А он знал свою власть над нею, но в эту минуту искал ее согласия и защиты, готовый разрыдаться на ее плече. Его давно уже изнуряло горькое душевное напряжение от безысходно затянувшегося одиночества, от постоянного притеснения Бедулева, от хворобы матери, к которой он был привязан своей бессловесной сыновностью и которой, бессильный, ничем не мог пособить.

Аркадий сел на лавку, рядом усадил Машку и, все так же плотно обнимая ее, стал разглядывать ее лицо. Чистая, свежая кожа у ней под глазами была смуглей, чем на щеках, и мелкие морщины успели вывязать на ней тонкую кружевную вязь. К вискам морщинки разбегались поглубже, заветрели и были прижжены прочным загаром. Аркадий, как слепой, своими заскорузлыми пальцами нежно ощупал Машкины веки и вершинки скул и в живой глубине ее глаз увидел терпеливый женский покой, какого давно ждал.
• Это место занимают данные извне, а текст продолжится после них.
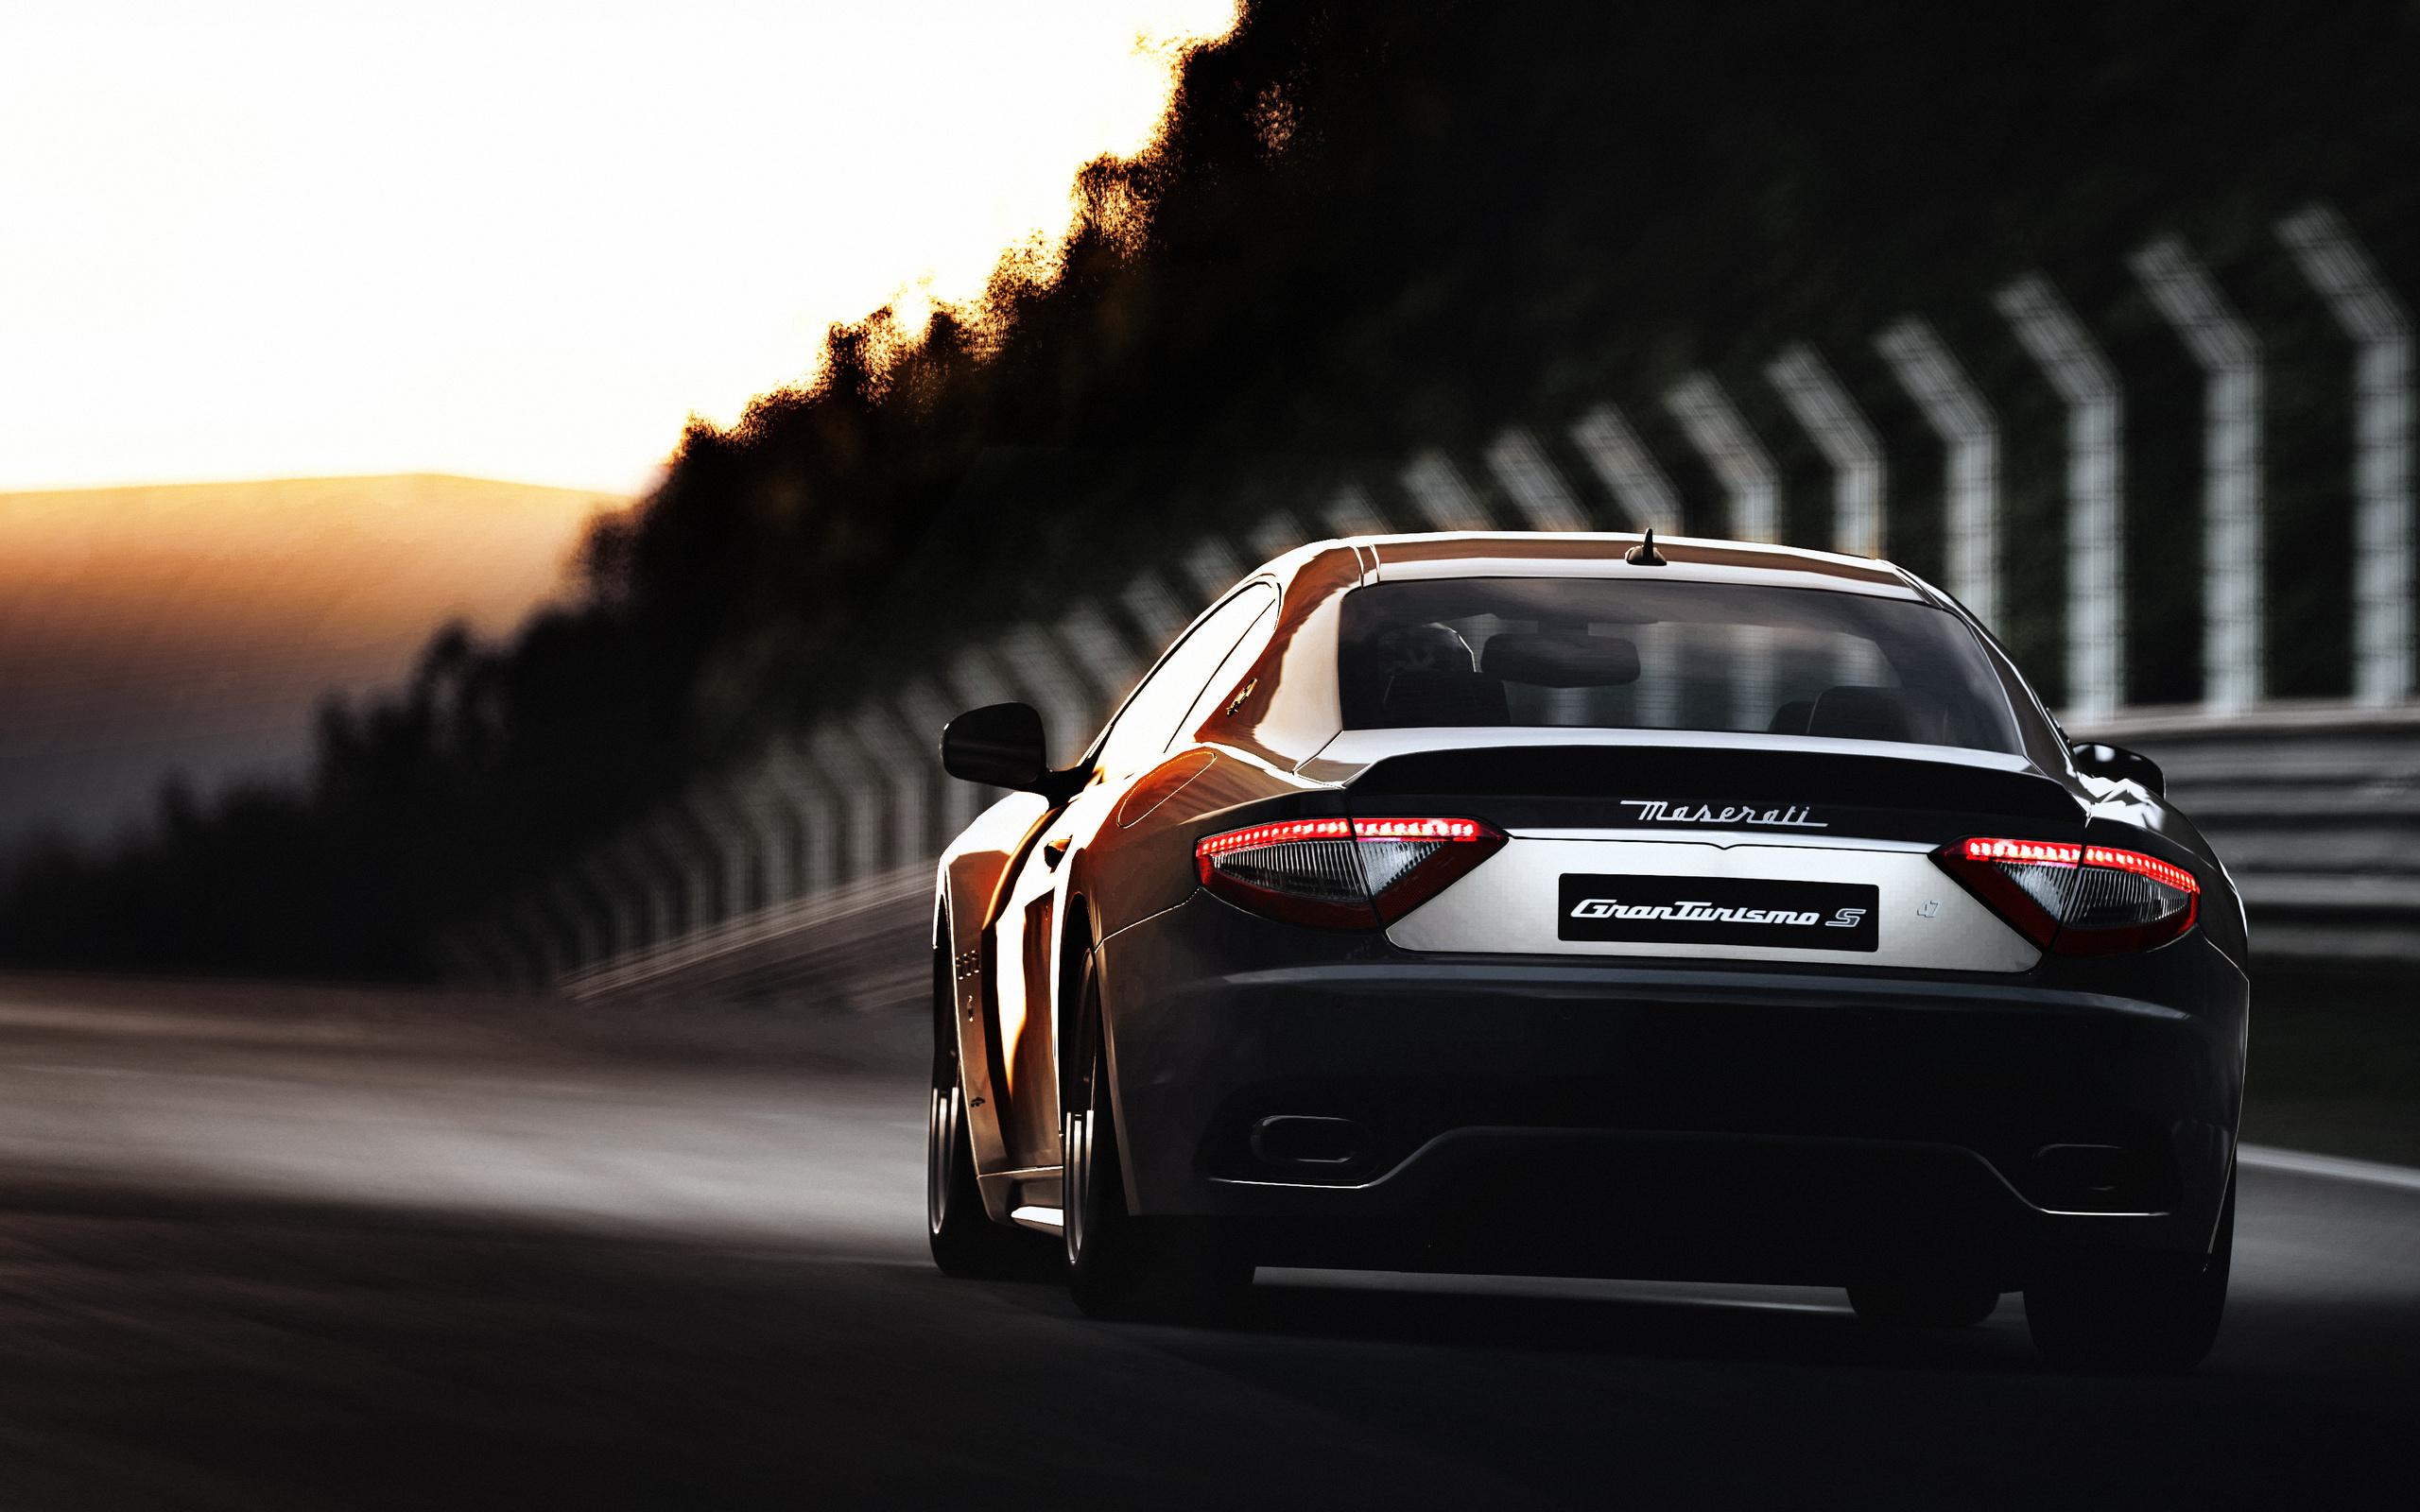 Maserati Granturismo Hd Wallpaper Background Image 2560x1600

И ее морщинки, и притомленные жизнью глаза глядели не лениво и равнодушно, как прежде, а светились упрямо и вопросительно, говоря Аркадию, что перед ним уже не девчонка для забавы, а надежная крепь всей его жизни.

В это утро они мало говорили, но так сблизились, как сближаются люди на многие-многие годы.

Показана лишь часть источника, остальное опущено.